Estamos en verano y no se admite todo, hay que descansar, hasta quien no está cansado; sigo sin saber por qué, qué ancestral demiurgo nos conmina, en una gran mayoría de casos, a una vacía y obligada indolencia.
Admitimos sin preguntarnos que el verano tiene que ver con la molicie, niños y jóvenes no tienen nada que hacer (?), el calor aprieta -creo que cada vez más- y las vacaciones laborales necesitan unos meses en los que justificar su exigencia.
En verano las noticias cuelgan el cartel de no hay noticias, aunque la testaruda realidad se empeñe en todo lo contrario; por ello tenemos que soportar una basura infinita de todo tipo que, con la etiqueta de entretenimiento, infecta nuestros sentidos.
En verano hay que divertirse a toda costa porque el tiempo lo exige, solo falta el neón permanentemente encendido en nuestros cerebros; bañarse aunque uno odie el agua o, como mal menor, ingerir grandes cantidades de brebajes que estén fresquitos o directamente helados; es lo que hay.
En verano hay que dedicarse a las lecturas relajadas, quienes lean, porque parece ser que los cerebros se reblandecen en exceso si la lectura es complicada; probablemente debido al calor, cuestión esta última que creo no demostrada.
En verano hay más fiestas, no sé si porque tocan o porque hay que reinventar un negocio con el que recaudar de tanto harto y aburrido de sí mismo.
En verano hay que llenar las playas, porque para eso están, aunque estarían mejor si fueran de césped, tan fresquito, en vez de esa arena tan molesta y difícil de quitar que se te mete por todas partes.
En verano las terrazas de los bares fingen estar llenas de público, ahora que también lo fingen en invierno; vegetan a costa de más gente que no sabe qué hacer con su alma, y su cuerpo, y come y bebe lo mismo que en invierno.

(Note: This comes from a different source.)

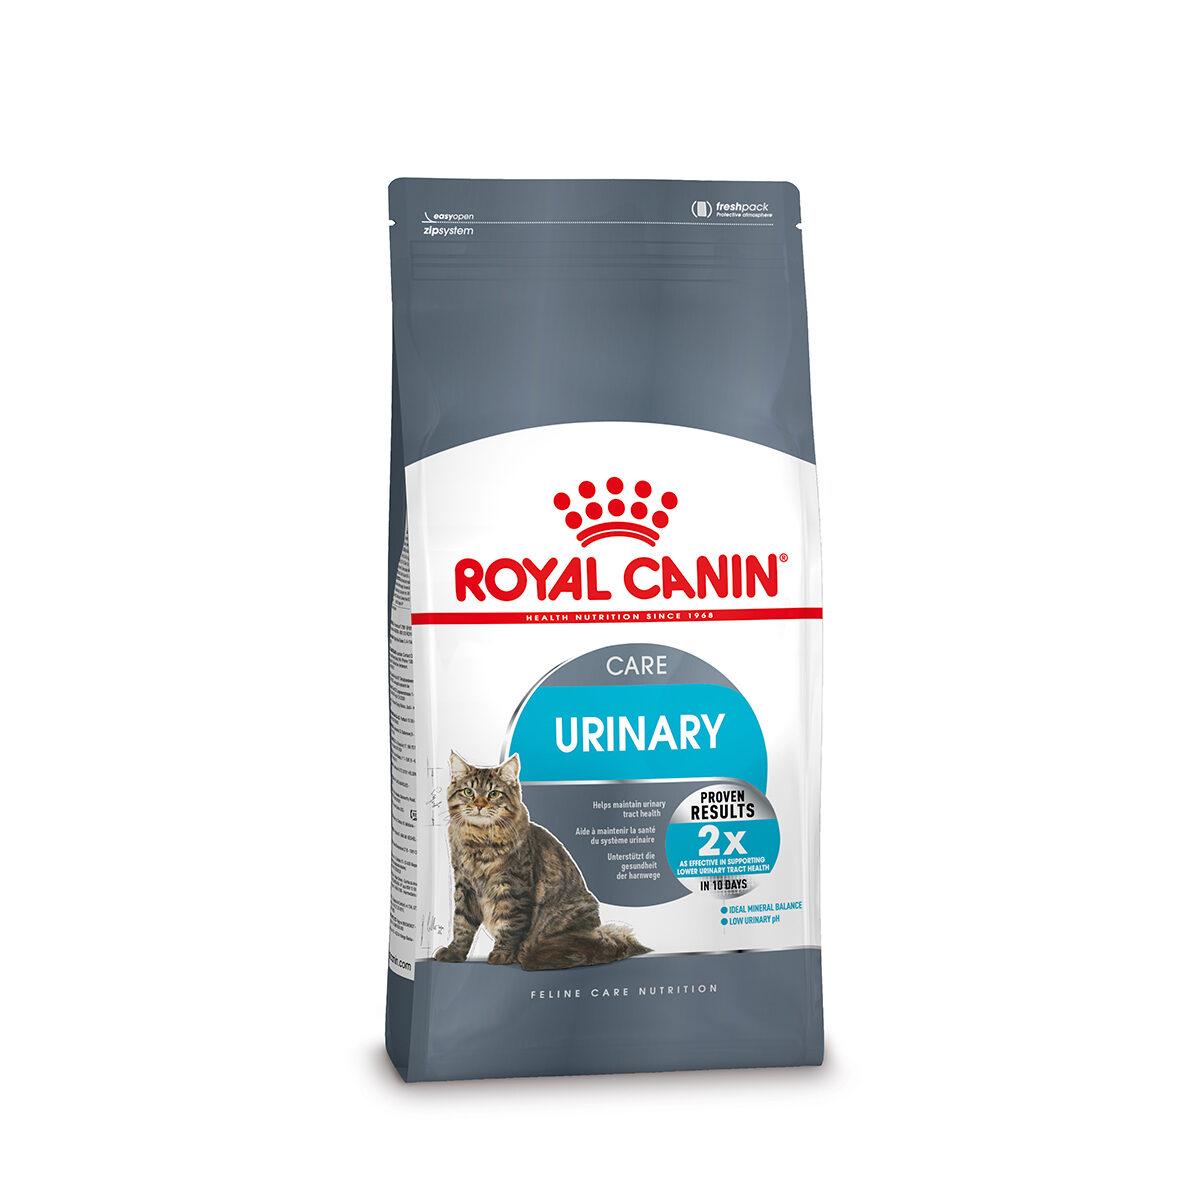 Royal Canin Urinary Care Kattenvoer 4 kg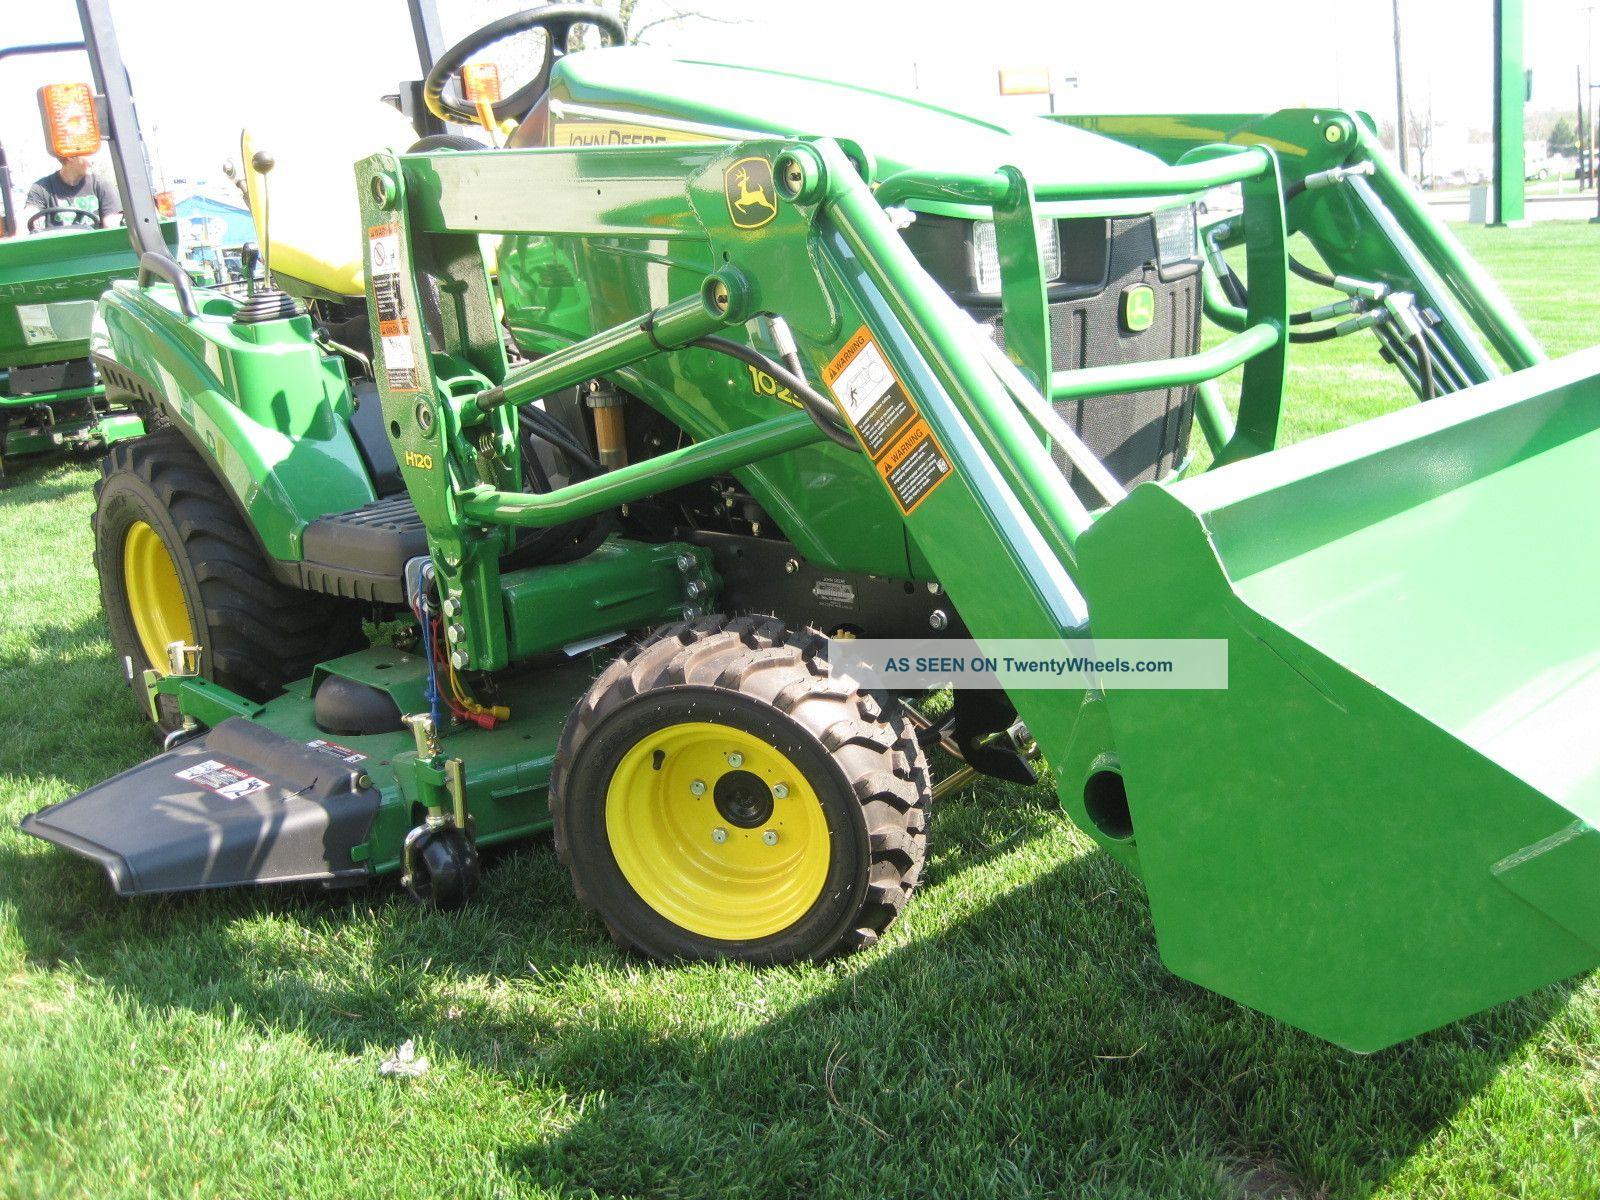 John Deere 1 Series Sub Compact Tractor

En verano aumentan los botellones, pero no solo de jóvenes, los adultos han descubierto que pueden llenar el maletero del coche de neveras y hielo y hacer botellón en cualquier local que se deje ahorrando una pasta en copas.
En verano gustamos de mostrar nuestras carnes, convicción o moda de dudoso gusto, porque hay carnes que dan literalmente grima. Alguien debería reconsiderar el concepto de ofensa pública, porque las ofensas no han de ser siempre de palabra u obra, hay cuerpos que deberían permanecer arrestados y así salvaguardar la salud mental y visual del resto.
En verano la gente dice divertirse, nueva forma de referirse a no saber qué hace con uno mismo.
En verano sudamos hasta cuando vamos al váter.
En verano, muchos de quienes no suelen tener un trabajo decente durante el resto de año acceden a humillarse públicamente con tal de que los demás, a quienes les importa un pimiento las condiciones de trabajo, disfruten del verano. Hay lugares en los que a esto llaman explotación.
En verano hay que sonreír porque para eso es verano.
En verano hay festivales musicales a porrillo en los que hacen como si cantaran gente que no sabe cantar ni tiene nada que contar; da igual, si hay cerveza, refrescos y una parcela cercana donde mear vale.
Siempre me he preguntado por qué el verano es sinónimo de pereza, si esa impresión es únicamente mía o la exige la estación, o, ya puestos, si se trata de una condición importada de otras latitudes, como otras tantas cosas que creemos nuestras de toda la vida.
En verano se vive en la calle, pero quizás lo de calle no esté demasiado claro; es cierto que, a no ser que se disponga de aire acondicionado del que no salir, que más bien se parece a no estar en verano, la calle no mola. El verano vendría a ser ese intermedio molesto entre lugares en los que reina el fresco, o el frío; un intermedio que solo trae más luz natural, el resto no importa, siempre y cuando no toque estar demasiado al sol.
Cuando no sea verano probablemente echaremos de menos el verano.